Re: Calculating variance of each ID within a data step

CheerfulChu · Posted 09-26-2016 07:27 PM

Dear Experts

I have a series of data as shown below. I would like to calculate the variance for each ID. However, the last two values for each ID is used for checking that it is valid and hence exclude for calculating the variance. It must be used within a data step because this part of processing is part of a very large data step.

xPrice

ID Price yyyymmdd

AAPL 10.6 20160105

AAPL 10.5 20160104

AAPL 10.3 20160103

AAPL 10.2 20160102

AAPL 10.1 20160101

IBM 11.6 20160105

IBM 11.5 20160104

IBM 11.3 20160103

IBM 11.2 20160102

IBM 11.1 20160101

I have written a short code:

data xPrice1; set xPrice; v = var(price, lag(price)); run;

This one is faulty:

1) I have to specify all the parameters within "var". In actual implementation, each ID will have 100+ values and I cant write 100+ lags to compute the variance and I need the last two values to be used for checking that the ID has existed before computing.

2) If I use proc means, I cant check the last 2 values and I need it to be in data step processing because it acts as an "interface" where a small part of the program (part of a data step) is visible for users while hiding the rest of the code.

Thanks

LL

Reeza · Posted 09-26-2016 07:50 PM

If it's in a data step you need to go back to base definitions and can't use SAS functions.

Astounding · Posted 09-26-2016 08:11 PM

Does it actually help you to compare one observation to the previous one? Don't you need 3 observations in this example (the first 3 of 5, then ignore the last 2)?

In general, there are ways to pursue this. For example, you could start with two loops that each read the data:

data want;

array exist {100} list of 100 names;

array lagged {100};

id_count=0;

do until (last.id);

do _n_=1 to 100;

lagged{_n_} = exist{_n_};

end;

set have;

by id;

id_count + 1;

end;

id_count2 = 0;

do until (last.id);

set have;

by id;

id_count2 + 1;

if id_count2 <= id_count - 2 then do;

**** whatever;

end;

else do;

**** whatever;

end;

run;

CheerfulChu · Posted 09-26-2016 10:08 PM

So there is no way to calculate the variance for (xi-2) where xi = total number of observations for asset i?

The reason for calculating the last two is to check that the asset has existed way before and not just launched. If there are missing values in between the data, when calculating the variance, the output would be ".". So I can ignore these assets

Thank you for your help

LL

Astounding · Posted 09-26-2016 11:16 PM

You can calculate variance for a group of observations, but you haven't written the code to do that.
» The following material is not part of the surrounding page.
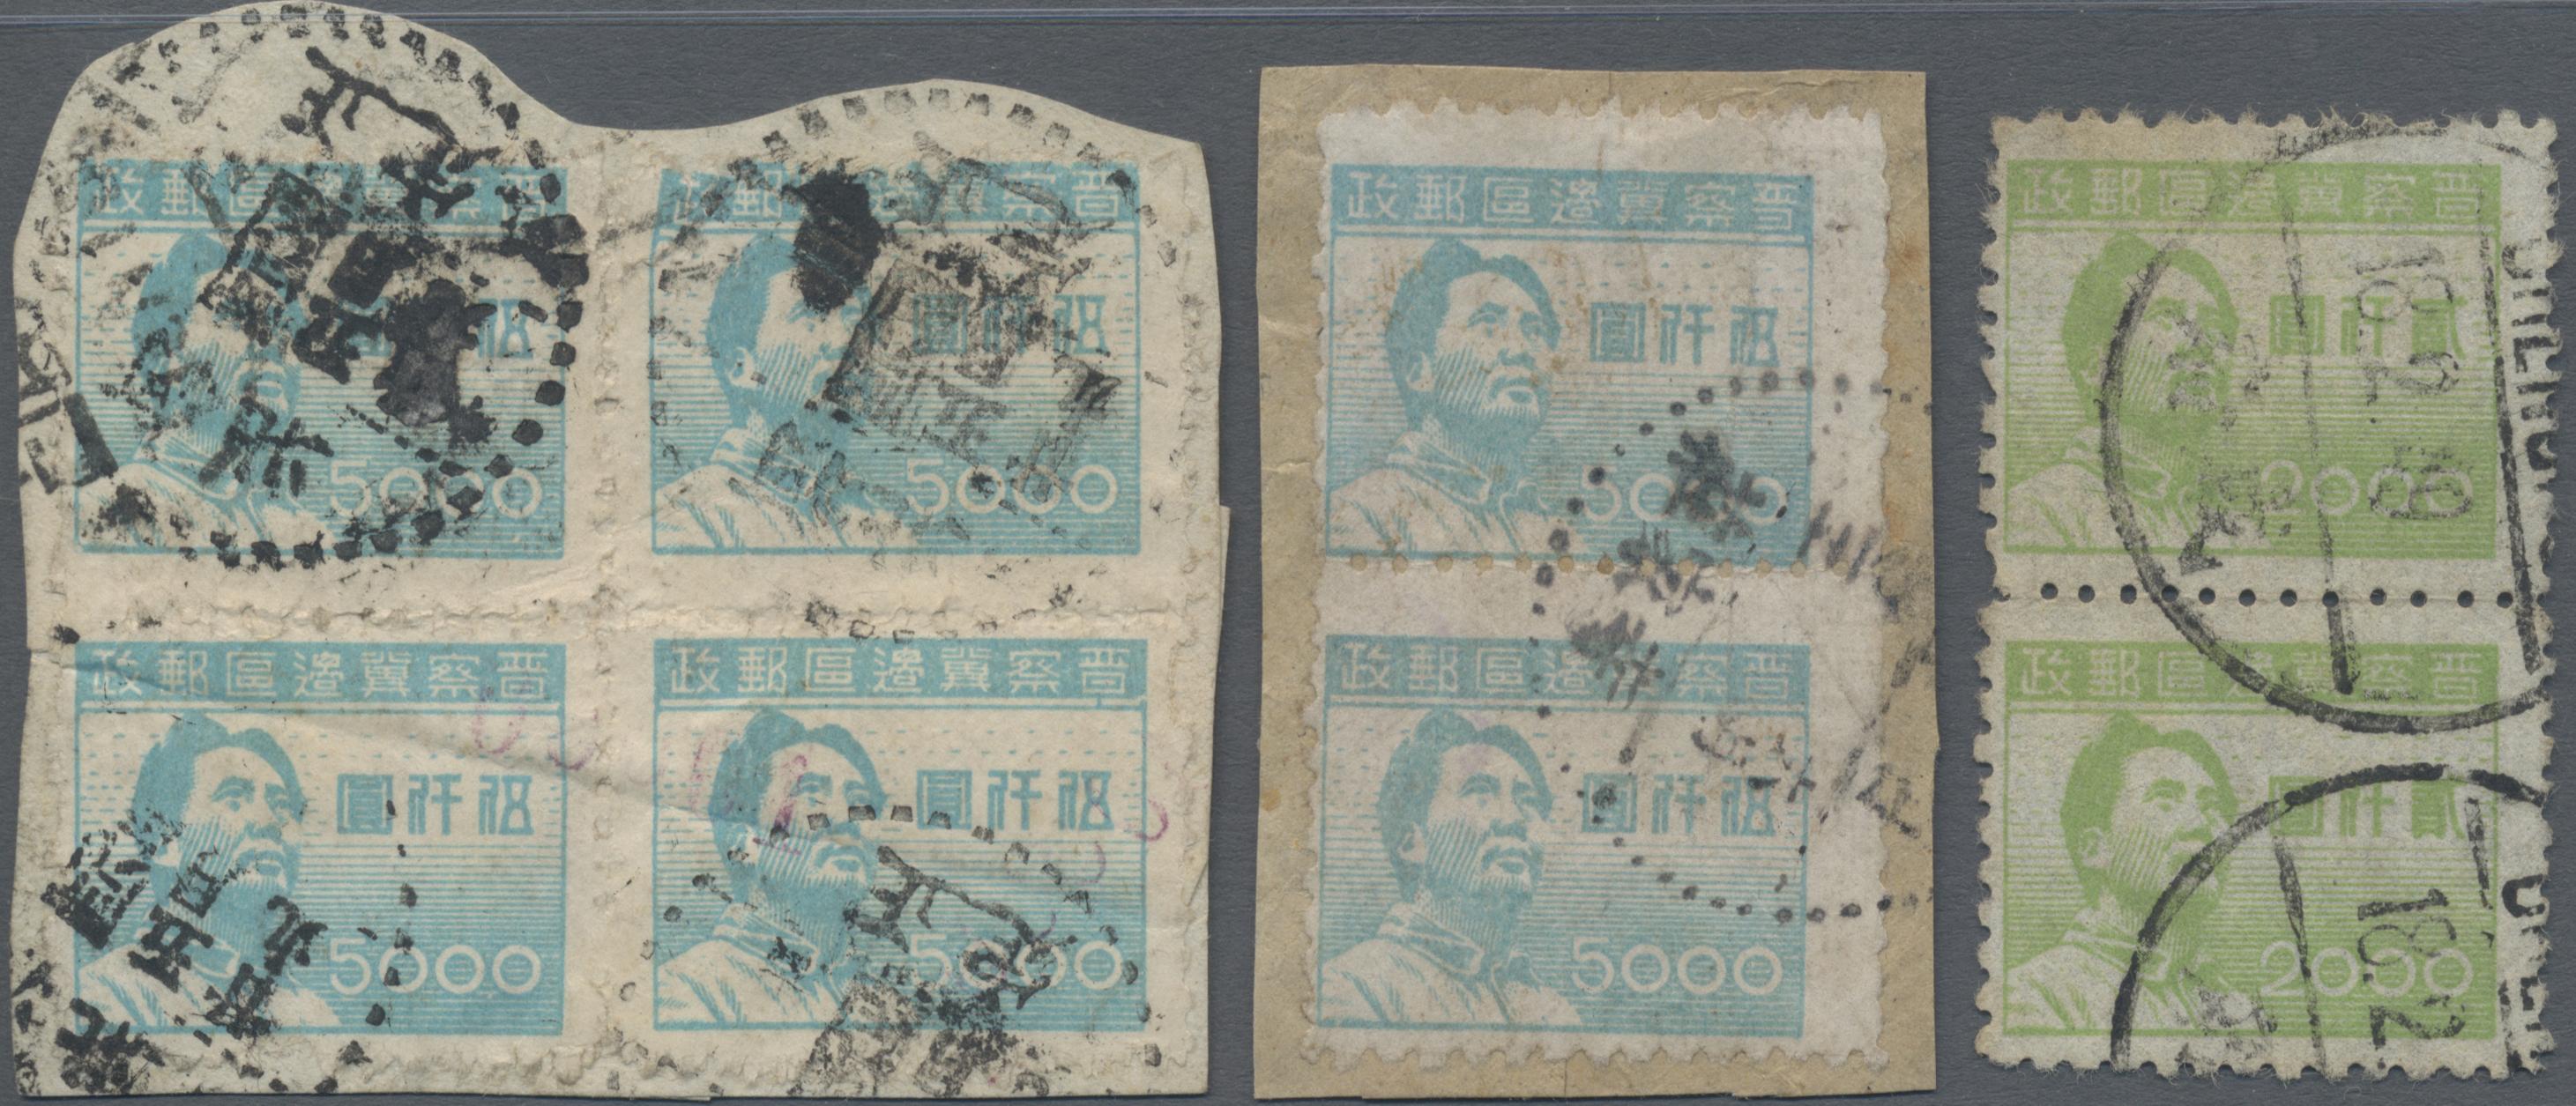 Lot 05509 - China - Volksrepublik - Provinzen  -  Auktionshaus Christoph Gärtner GmbH & Co. KG Sale #45- Special Auction China

If you wanted the mean for a group of observations, you would calculate the sum and N for the group, and at the end of that calculate the mean.

SImilarly, if you want the variance for a group of observations, you can calculate the sum, N, and sum of squared values for the group, and at the end of that calculate the variance.

The comment statements (****whatever;) indicate that something has to happen there but I didn't spell out what has to happen. It wasn't clear yet what needed to be calculated based on which observations.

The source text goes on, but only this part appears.